Borut Bilač

Personal information
- Nationality: Slovenian
- Born: 14 April 1965 (age 61) Postojna, Yugoslavia

Sport
- Country: Slovenia
- Sport: athletics
- Event: long jump

Medal record
Men's athletics
Representing Yugoslavia
European Championships
| Bronze medal – third place | 1990 Split | Long jump |

= Borut Bilač =

Slovenian long jumper

Borut Bilač (born 14 April 1965) is a retired Slovenian long jumper. Bilač won the bronze medal at the 1990 European Athletics Championships, representing Yugoslavia, and finished ninth at the 1992 Olympic Games representing Slovenia.

His personal best is 8.24 metres, achieved on 5 July 1990 in Cagliari, Italy.

Bilač began competing in athletics in primary school. He jumped 6.94 metres in the long jump and 2.02 metres in the high jump as a youth (U-18) athlete in 1982, that year's best U-18 performances in Yugoslavia. He won the Yugoslav national U18 title in the long jump that year with a jump of 6.87 metres. He won his first international medal at the 1984 Junior Balkan Games in Maribor, taking bronze with a jump of 7.24 metres. He broke the Slovenian record for the first time at an international meeting in Nova Gorica in 1988 with a jump of 7.66 metres. In 1989 he won his first Yugoslav Cup title with a 7.95 metres jump in Split.
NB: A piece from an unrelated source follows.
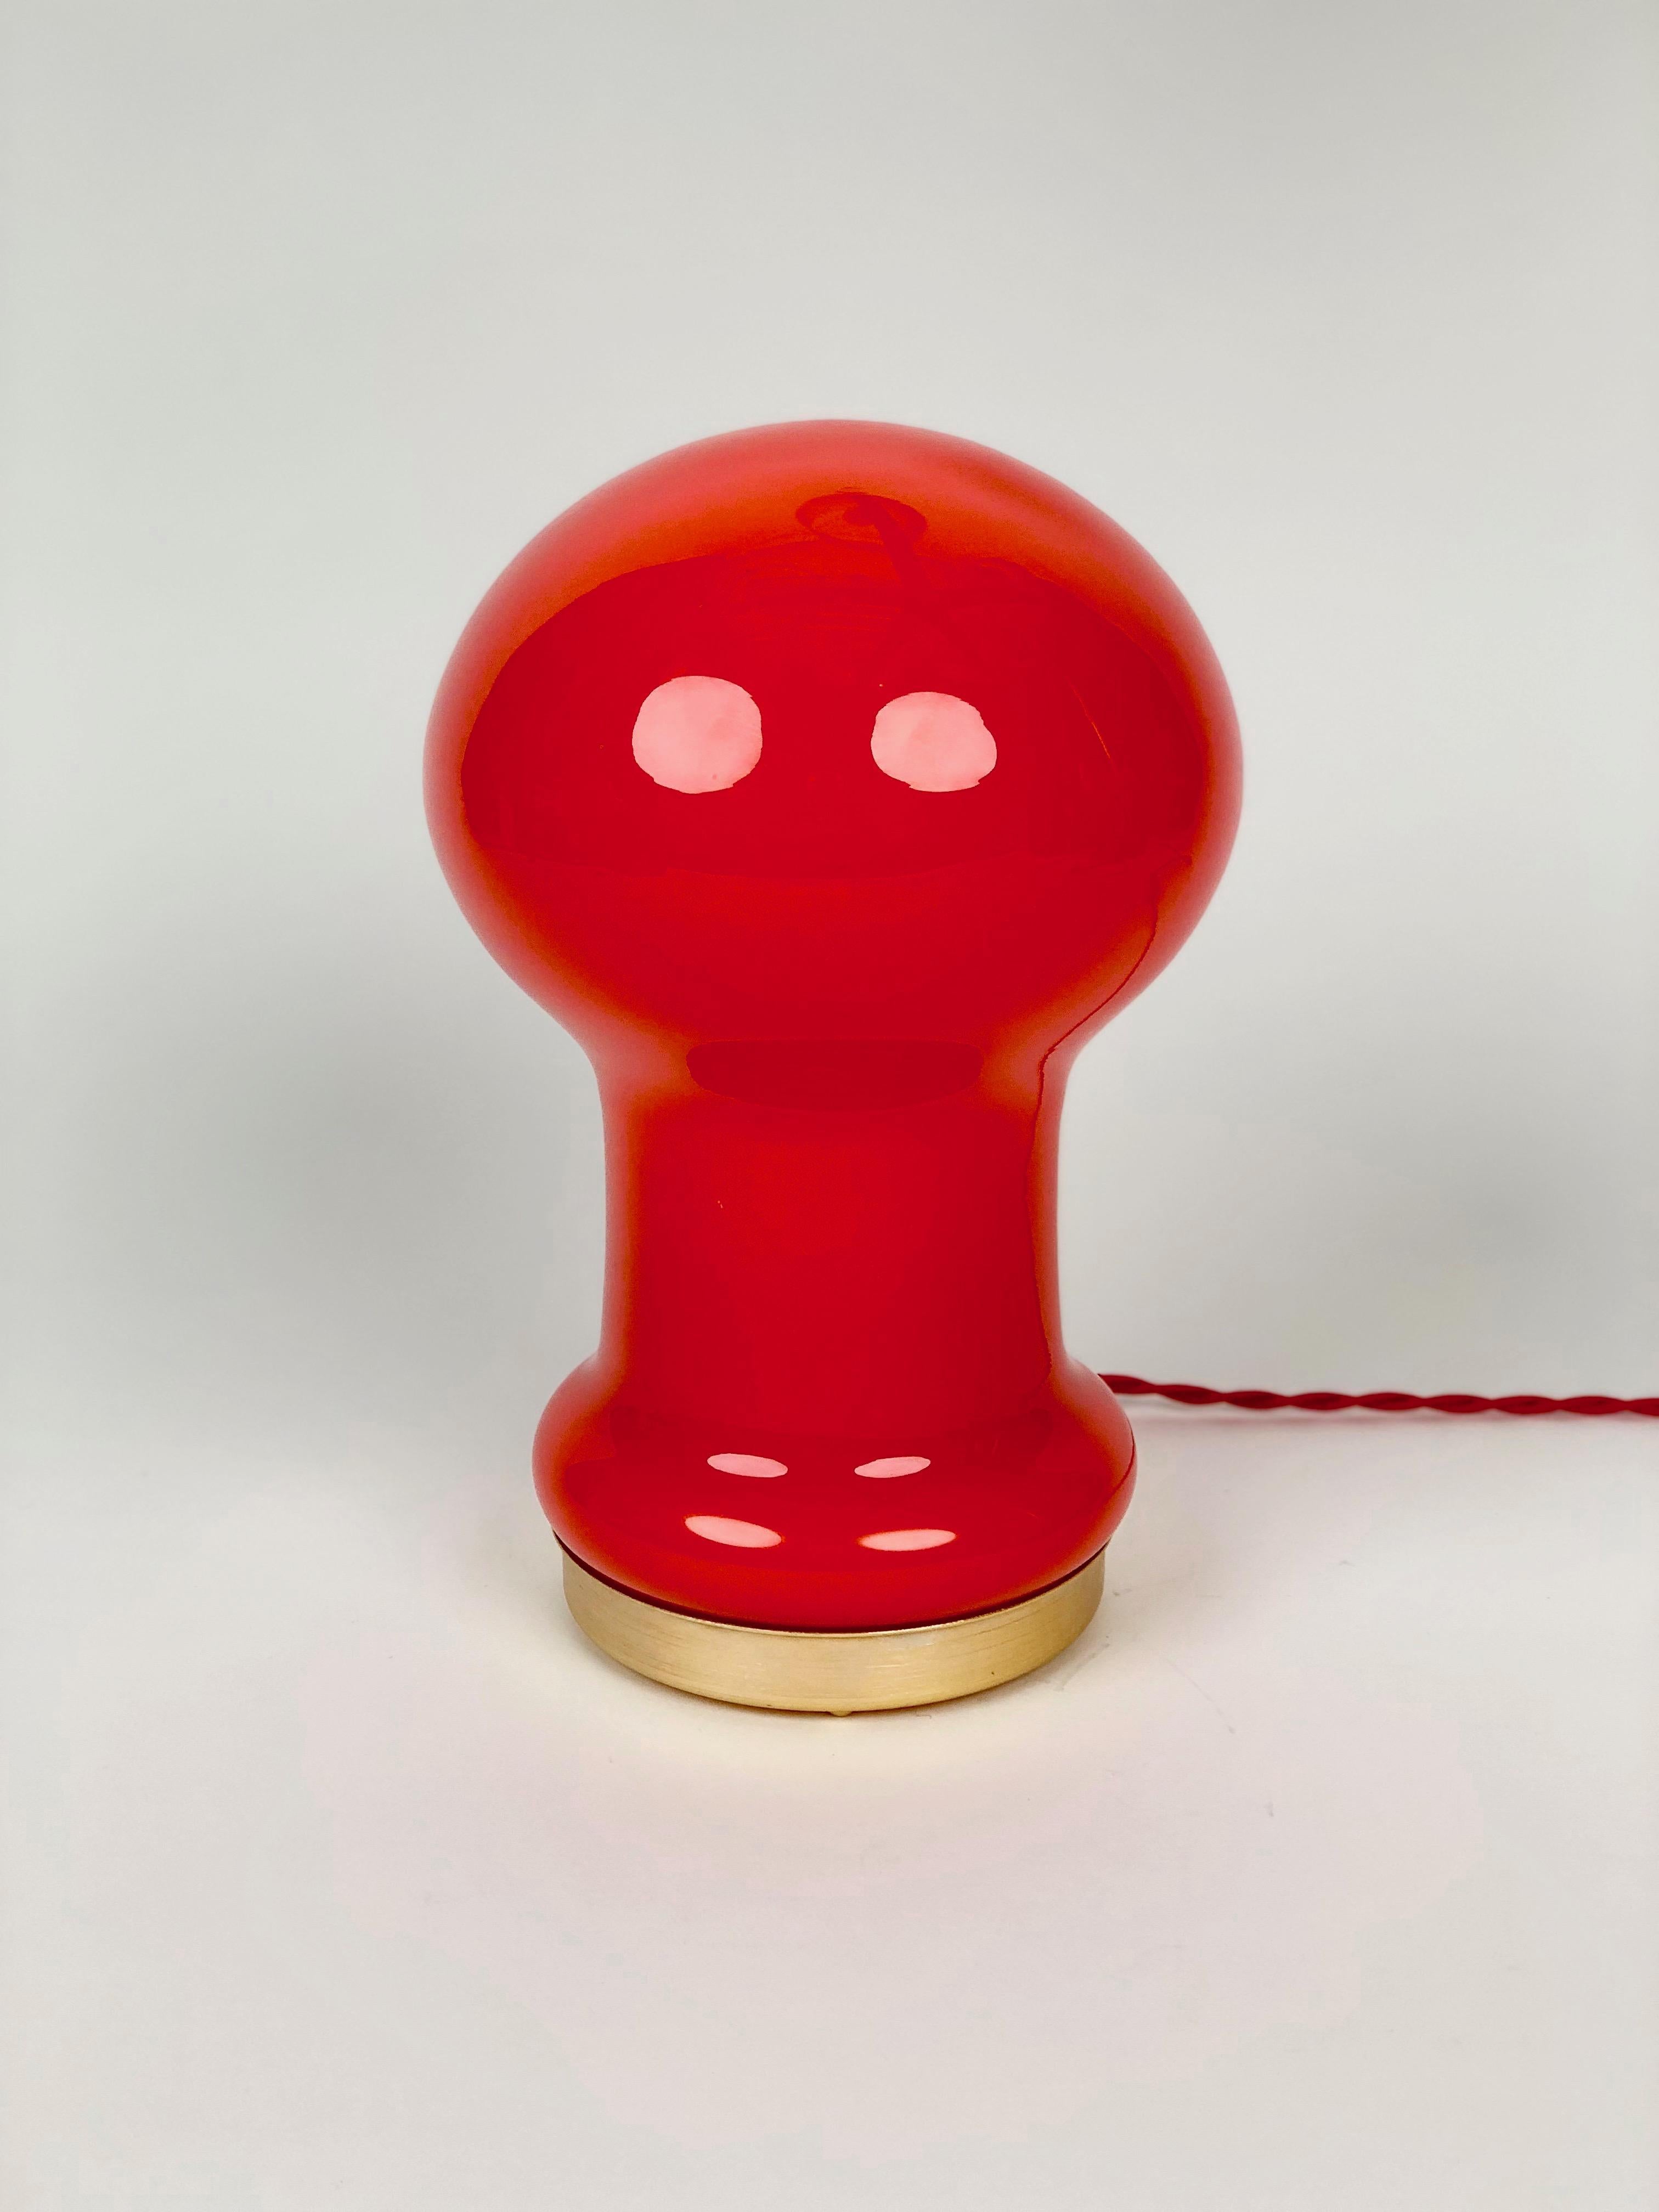 Czech Mid-Century Table Lamp in Red Orange Opaline Glass, Designed by Stepan Tabery  For Sale

He began the 1990 season with a 7.42 metres performance at the European Indoor Championships in Glasgow, where he didn't qualify for the final, but his finest season outdoors followed. He jumped beyond the eight-metre barrier for the first time and collected victories at international meetings in Caorle, Italy (8.03 metres), Verona, Italy (8.12 metres) and Cagliari, Italy, where he jumped 8.24 metres, the last of his six Slovenian records. He capped the season with a third-place finish at the European Athletics Championships in Split, Croatia, with a jump of 8.09 metres.

He represented Yugoslavia for the final time at the 1991 World Athletics Championships in Tokyo but did qualify for the final. He competed for now-independent Slovenia at the 1992 Olympic Games in Barcelona, qualifying for the final with a leap of 8.00 metres. He finished ninth in the final with a best leap of 7.76 metres.

Struggles with injuries followed until his retirement in 1998. His Slovenian national record in the long jump stood until 18 May 1997, when Gregor Cankar jumped 8.40 metres in Celje, Slovenia.

== Personal ==
Bilač and high jumper Britta Vörös, the 1994 European champion in the high jump, were married in 1990 and divorced in 2010.